Подавленный внезапными сомнениями и подозрениями насчет своего приятеля, Самойленко вдруг ослабел и понизил тон.
- Но это невозможно! - сказал он, вспоминая ту ночь, когда Лаевский ночевал у него. - Он так страдает!
- Что ж из этого? Воры и поджигатели тоже страдают!
- Положим даже, что ты прав... - сказал в раздумье Самойленко. - Допустим... Но он молодой человек, на чужой стороне... студент, мы тоже студенты, и кроме нас тут некому оказать ему поддержку.
- Помогать ему делать мерзости только потому, что ты и он в разное время были в университете и оба там ничего не делали! Что за вздор!
- Постой, давай хладнокровно рассудим. Можно будет, полагаю, устроить вот как... - соображал Самойленко, шевеля пальцами. - Я, понимаешь, дам ему деньги, но возьму с него честное, благородное слово, что через неделю же он пришлет Надежде Федоровне на дорогу.

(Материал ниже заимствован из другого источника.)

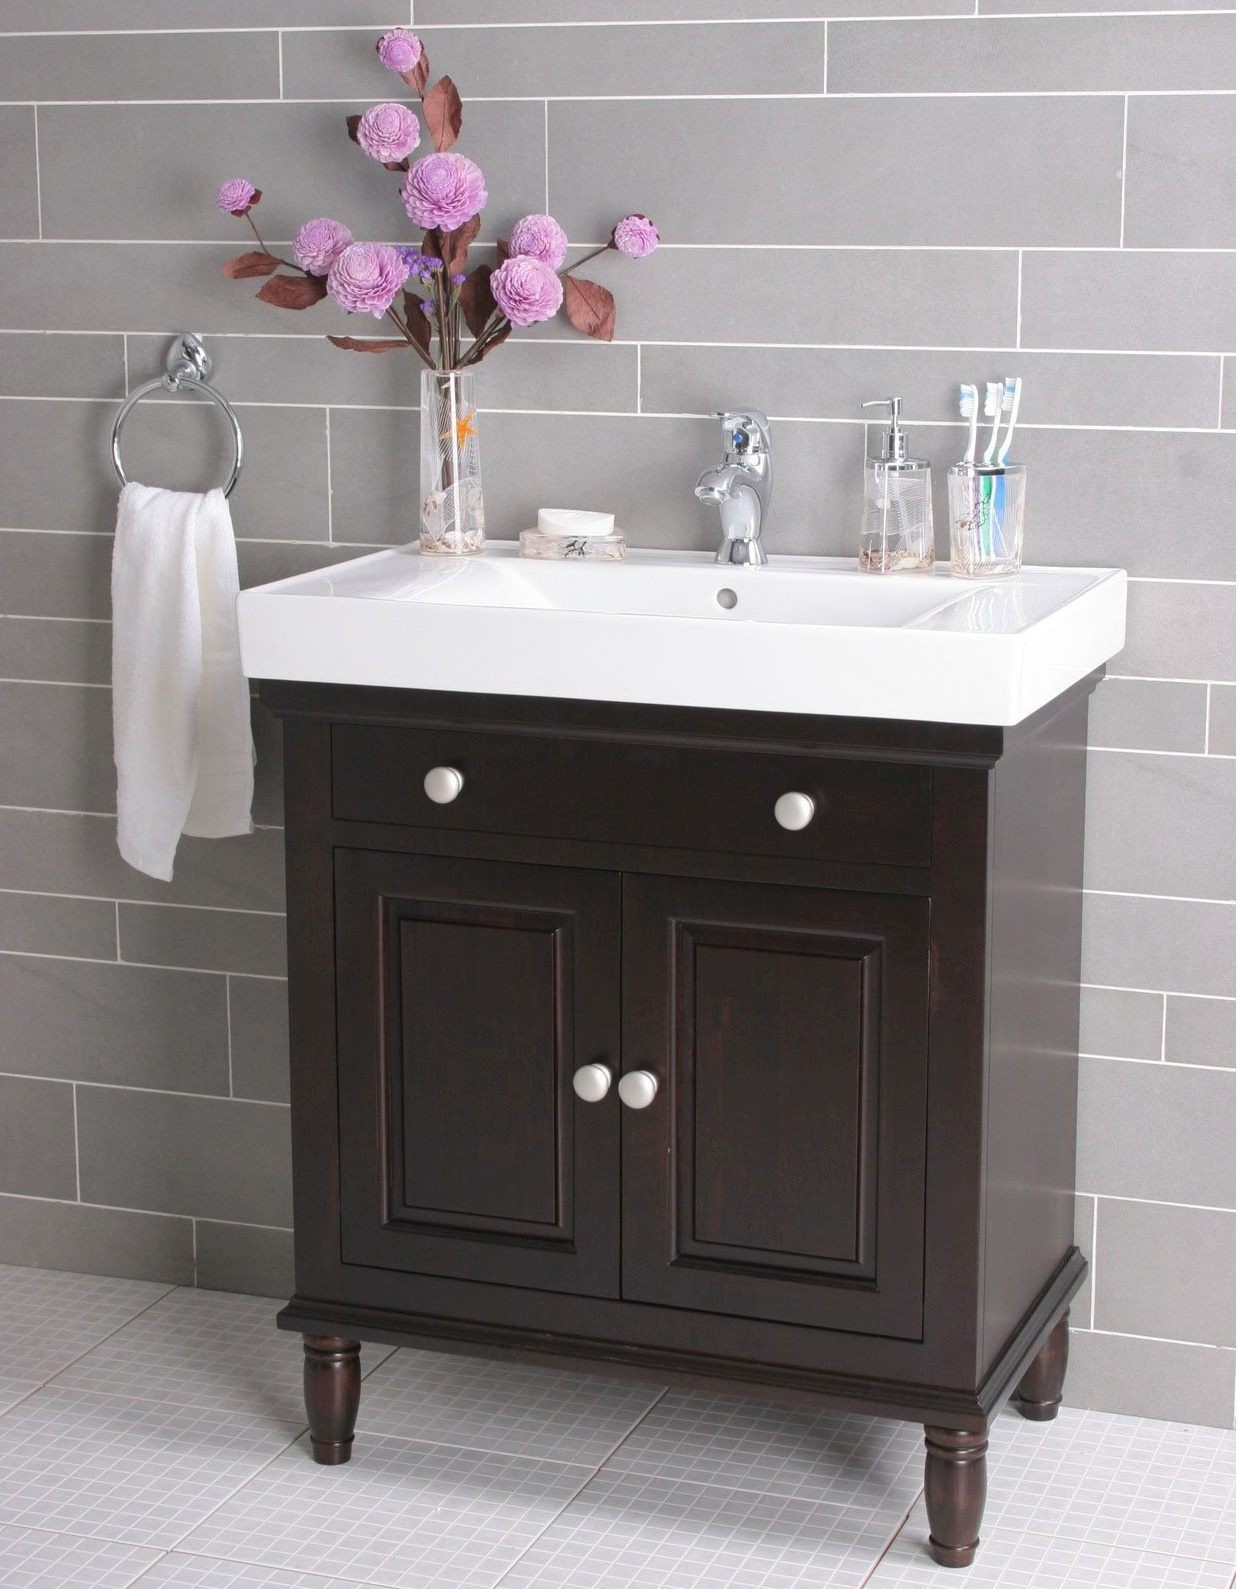 Stylish Menards Bathroom Vanity Photograph

- И он даст тебе честное слово, даже прослезится и сам себе поверит, но цена-то этому слову? Он его не сдержит, и когда через год-два ты встретишь его на Невском под ручку с новой любовью, то он будет оправдываться тем, что его искалечила цивилизация и что он сколок с Рудина. Брось ты его, бога ради! Уйди от грязи и не копайся в ней обеими руками!
Самойленко подумал минуту и сказал решительно:
- Но я всё-таки дам ему денег. Как хочешь. Я не в состоянии отказать человеку на основании одних только предположений.
- И превосходно. Поцелуйся с ним.
- Так дай же мне сто рублей, - робко попросил Самойленко.
- Не дам.
Наступило молчание. Самойленко совсем ослабел: лицо его приняло виноватое, пристыженное и заискивающее выражение, и как-то странно было видеть это жалкое, детски-сконфуженное лицо у громадного человека с эполетами и орденами.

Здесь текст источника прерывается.